PGD-AT	Adversarial training	Empirical (L∞)	~10–15% clean acc loss	Partially — strongest empirical defense
TRADES	Regularized adv. training	Empirical (L∞)	~8–12% clean acc loss	Partially — improved tradeoff vs PGD-AT
Randomized Smoothing	Gaussian noise + majority vote	Certified (L2)	~15–25% clean acc loss	Yes — provable guarantee within radius
IBP / CROWN-IBP	Bound propagation	Certified (L∞ small ε)	High — practical only for small nets	Yes — provable but limited scale
Feature Squeezing	Input preprocessing + detection	Detection	Minimal on clean inputs	No — broken by adaptive attacks
DiffPure	Diffusion model denoising	Empirical	Inference slowdown	Partially — strong but adaptive attacks exist
Ensemble Diversity	Multiple diverse models	Empirical — reduces transfer	Marginal	Partially — reduces transferability

NIST AI RMF on Adversarial Robustness

The NIST AI Risk Management Framework (AI RMF 1.0, 2023) addresses adversarial robustness under the MANAGE function. Key guidance includes: conducting red-team evaluations using diverse attack methods, documenting robustness results in model cards, establishing robustness benchmarks for high-stakes deployments, and tracking emerging adversarial techniques through threat intelligence. NIST SP 800-231 (draft, 2024) provides specific guidance on adversarial ML threat models and mitigations aligned with the AI RMF.

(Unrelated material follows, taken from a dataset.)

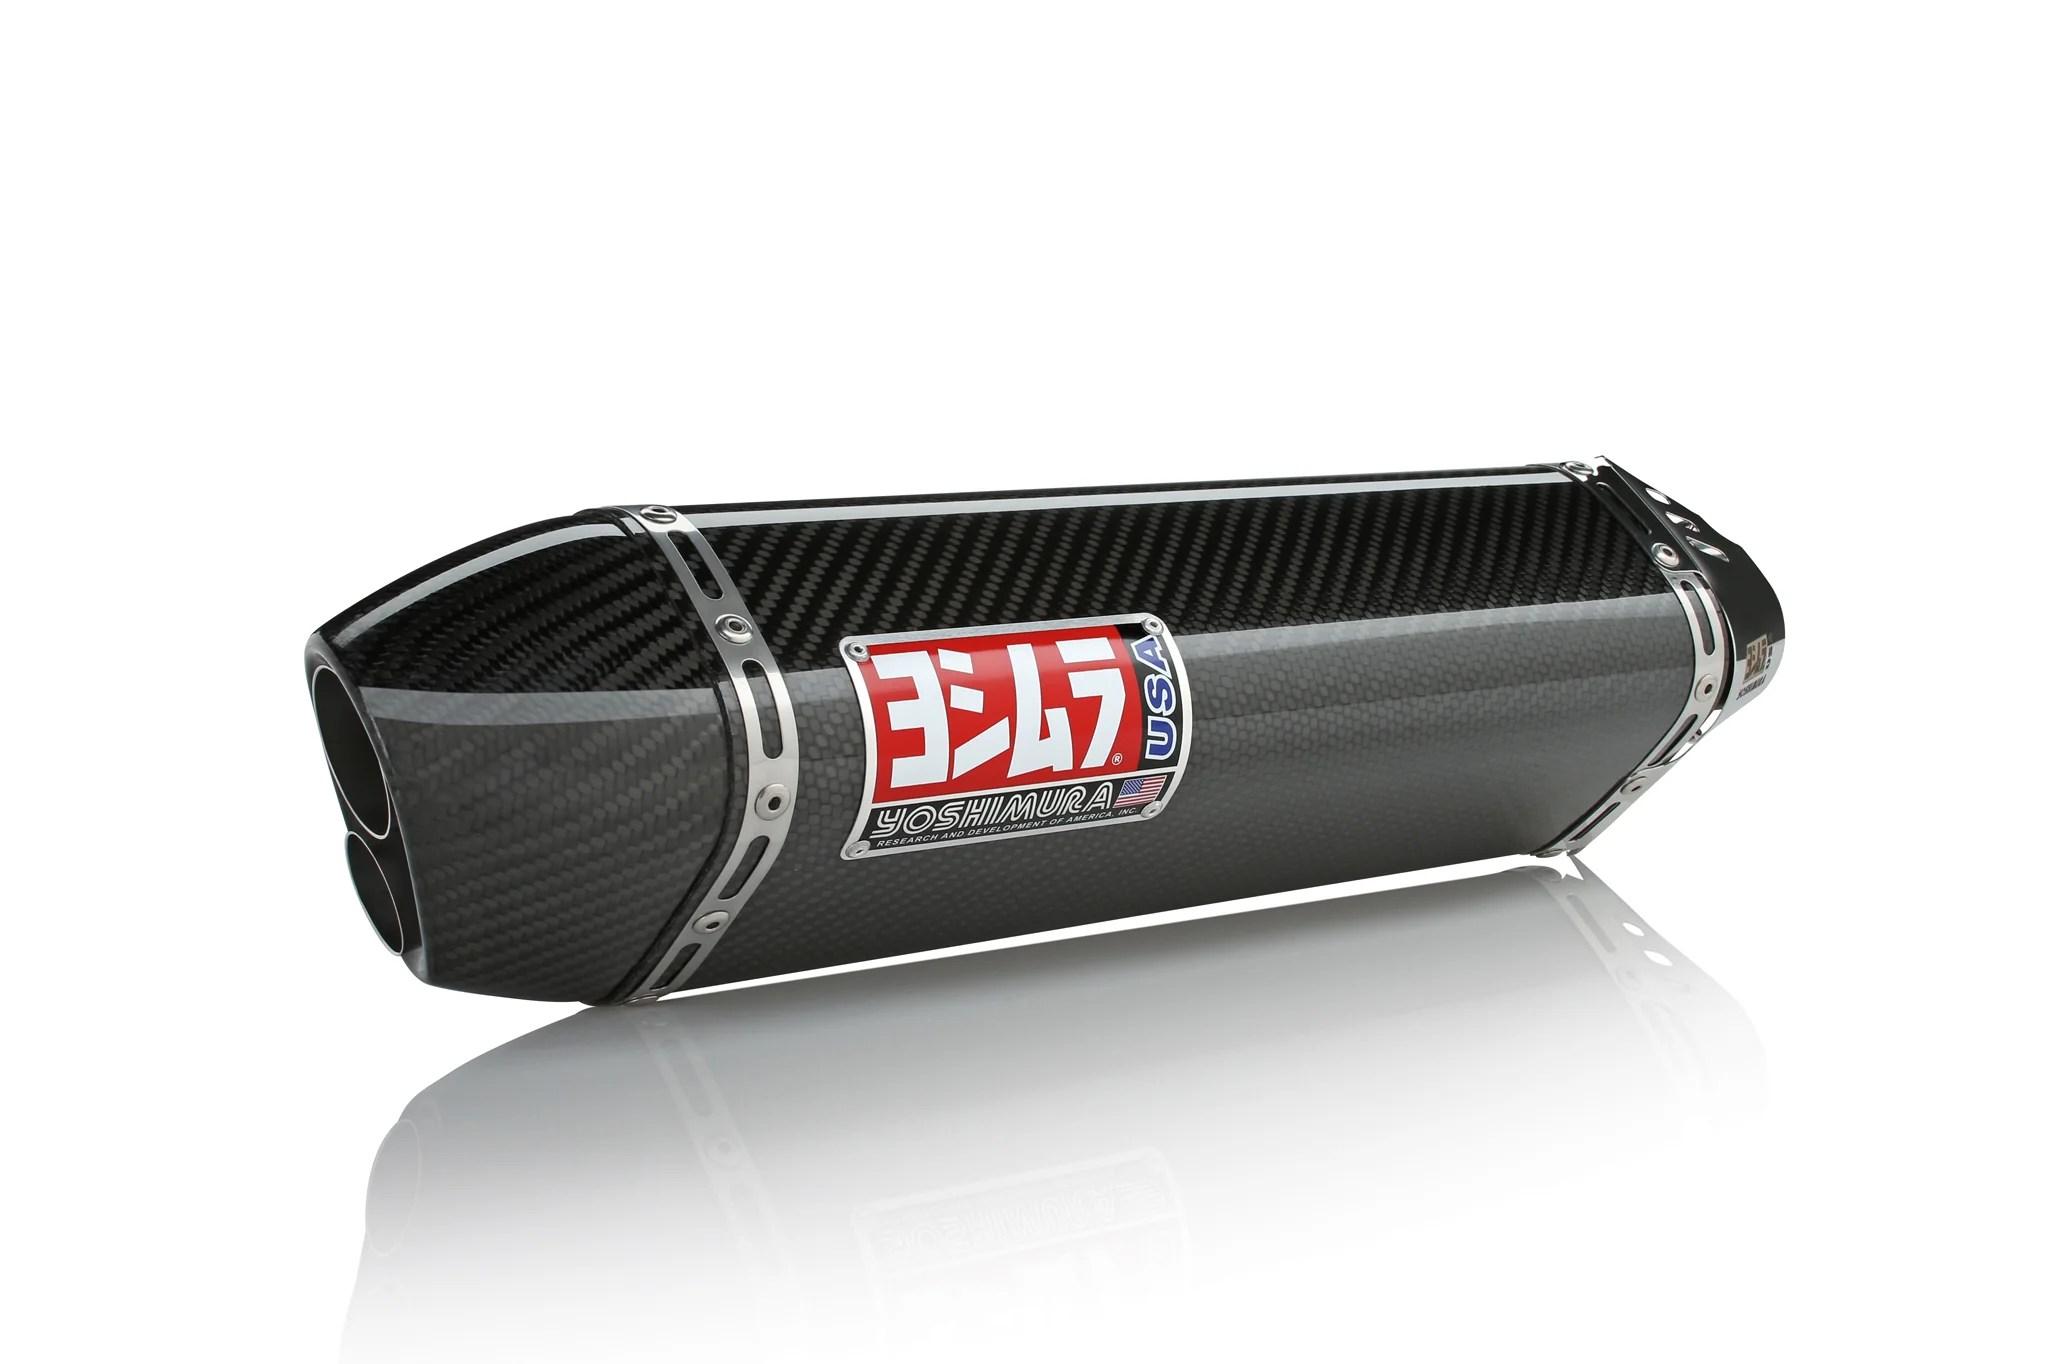 gsx r600 750 11 21 trc d stainless slip on exhaust w carbon fiber muffler

The Accuracy-Robustness Tradeoff

Adversarial robustness and standard accuracy are fundamentally in tension. A model adversarially trained to be robust to ε=8/255 L∞ perturbations on CIFAR-10 typically achieves ~84% clean accuracy vs ~95% for a standard model. This tradeoff has theoretical foundations: Tsipras et al. (2019) showed that for some distributions, robust and accurate classifiers must use different features. In practice, this means deploying adversarially robust models involves a conscious business decision: how much clean-accuracy degradation is acceptable for the robustness gained? Never deploy adversarial defenses without characterizing both their robustness guarantees AND their impact on normal-case performance.